Note that Kadison-Schwarz is stated for positive (not necessarily cp) maps; that's why the restriction to normals is required (the C$^*$-algebra generated by a normal is abelian, and then any positive map is completely positive).

Also, for Schwarz inequality all that is required is 2-positivity (which of course is implied by complete positivity).

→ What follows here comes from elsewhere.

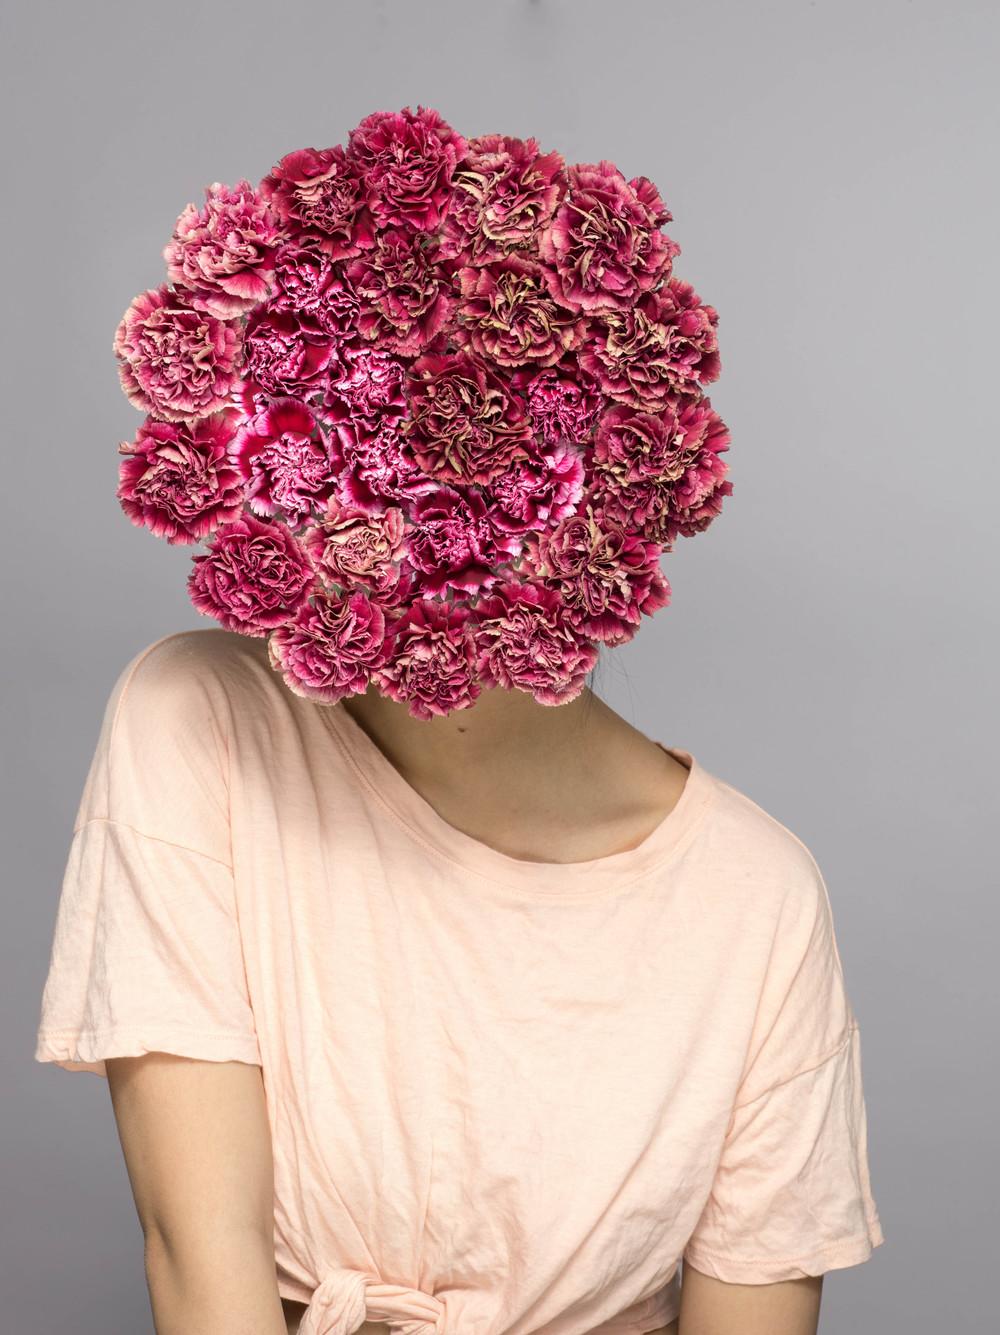 FLOWER HEADS 28844.jpg

This is the proof of the inequality as in Paulsen's book:

We have $$ \begin{bmatrix}1&a \\ a^*& a^*a\end{bmatrix}=\begin{bmatrix}1&a\\ 0&0\end{bmatrix}^*\begin{bmatrix}1&a\\ 0&0\end{bmatrix}\geq0. $$ Then $$ 0\leq\delta^{(2)}\left(\begin{bmatrix}1&a \\ a^*& a^*a\end{bmatrix}\right) =\begin{bmatrix}1&\delta(a) \\ \delta(a)^*& \delta(a^*a)\end{bmatrix} $$ Applying this in particular to the vector $\begin{bmatrix}-\delta(a)\eta\\ \eta\end{bmatrix}$, we get $$ 0\leq\left\langle\begin{bmatrix}1&\delta(a) \\ \delta(a)^*& \delta(a^*a)\end{bmatrix}\begin{bmatrix}-\delta(a)\eta\\ \eta\end{bmatrix},\begin{bmatrix}-\delta(a)\eta\\ \eta\end{bmatrix}\right\rangle=\langle(\delta(a^*a)-\delta(a)^*\delta(a))\eta,\eta\rangle. $$ As the vector $\eta$ can be chosen arbitrarily, we conclude that $\delta(a^*a)-\delta(a)^*\delta(a)\geq0$.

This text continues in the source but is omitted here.